I find this situation incredibly fascinating and somewhat ironic. I remember the time when Lasseter/Catmull put their foot down and stated forcefully: "NO more fairy tale princess-y movies after Tangled."
...then Frozen made 300 million, and challenged the king himself (King Simba, that is.)
I really wonder if the studio is going to shuffle projects around and/or greenlight more fairy tale movies. There was a brief news blurb about Moana late last year, but nothing since then.
The next Disney feature is Big Hero 6, the Ron and John feature is several years away.
And Jeremy D. is right. Frozen was reactivated after the returns for Tangled came in.

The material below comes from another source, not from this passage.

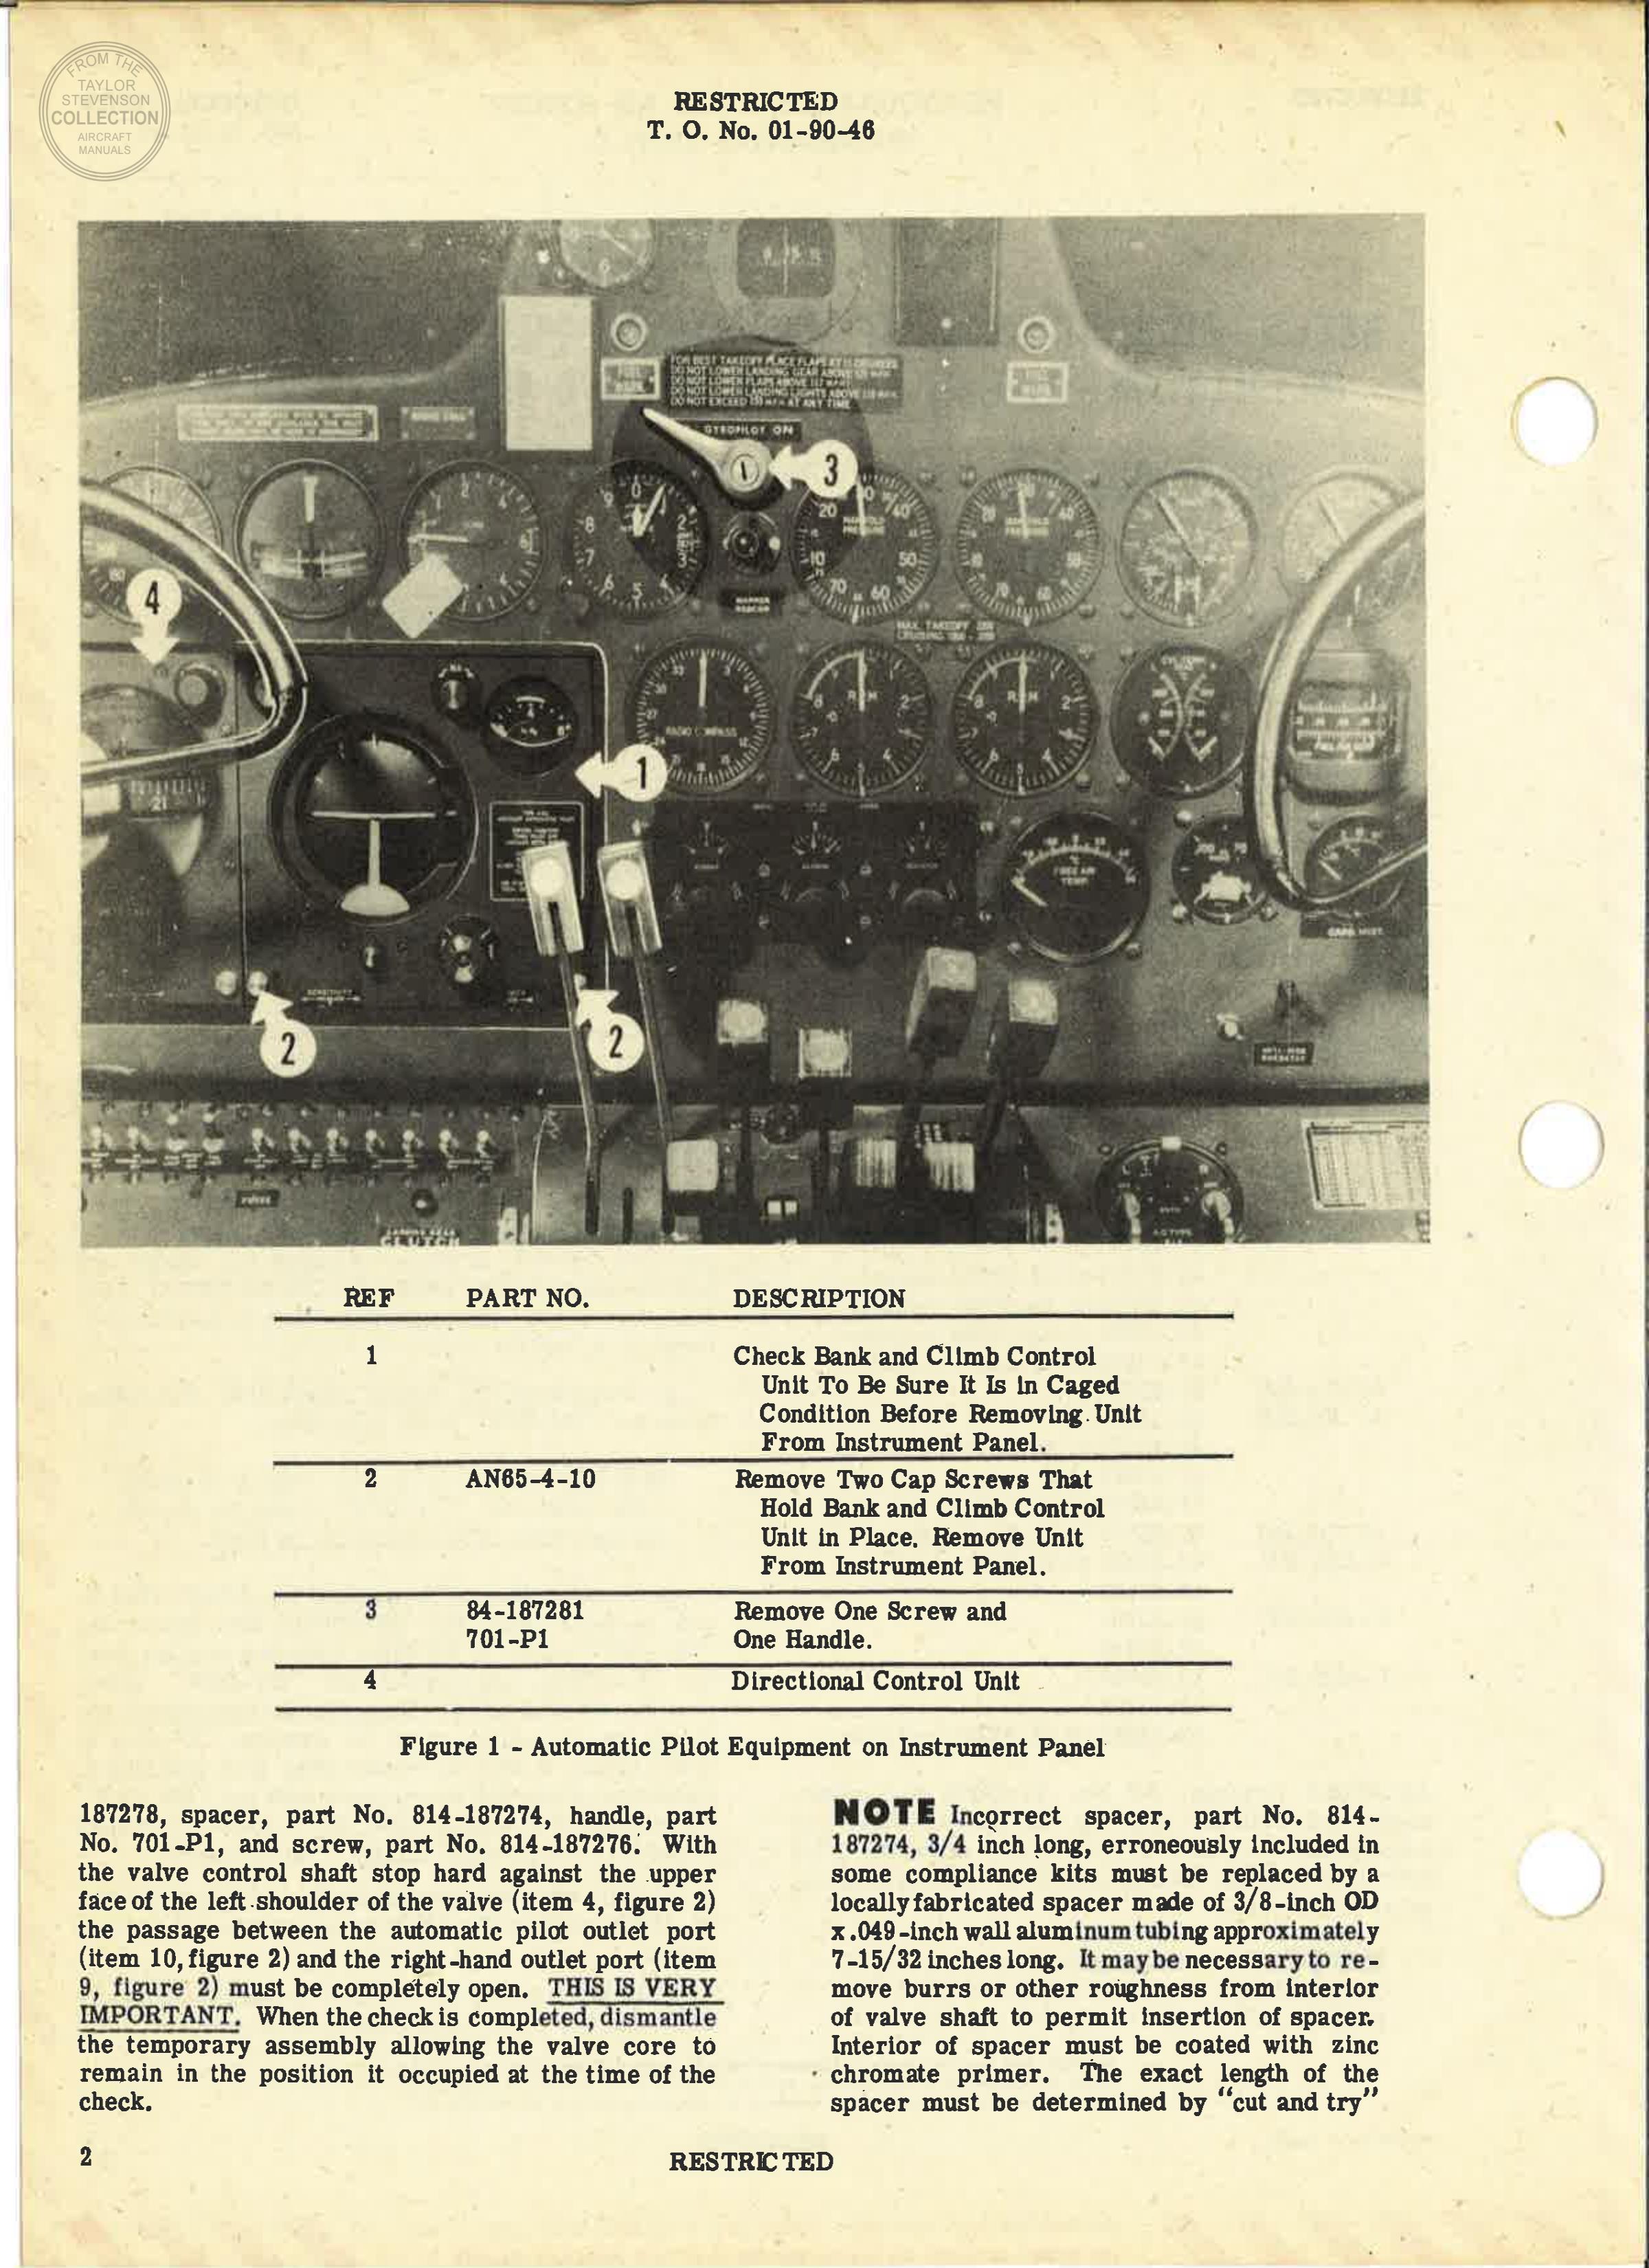 Sample page 5 from AirCorps Library document: Beech Technical Orders - 01-90-42 through 01-90C-10

As for "No fairy tales?" I recall the same dictate from Michael Eisner and Jeffrey Katzenberg when they came over the hill from Paramount. The new rule didn't last long. They okayed development on The Little Mermaid shortly after greenlight Oliver and Company.
Nothing is Hollywood is ever carved in marble. Everything is scooped out of soft beach sand.
' "NO more fairy tale princess-y movies after Tangled."'
You "quote" them as though it's what they said.
Except Lasseter and Catmull NEVER said that. Facts are just that, and you can't make them up. Please stop spreading lies. Studio management wanted the fairy tales dead, and Catmull and Lasseter fought for both Snow Queen and Jack and the Beanstalk--both on the docket. What they SAID was, at the time--several years agao--that there weren't any fairy tale features in active development. There weren't after Tangled did only fair business (net) at the box office. Tangled's a much better film than Frozen, though. But Frozen cost less, and has made gobs more.
At least they stopped making hand drawn animation and refocused their efforts instead on just making great movies. It's longer lasting and more important, anyway.
Tangled actually did excellent business. ($591,794,936 -- per Box Office Mojo -- would be "excellent" in anybody's universe.)
It's Princess and the Frog that put up number which scared management off of "Princess" tales. And Grant is right, it wasn't Lasseter or Catmull who shelved an early incarnation of Frozen, but the main lot. (Rich Ross was running the studio at the time.)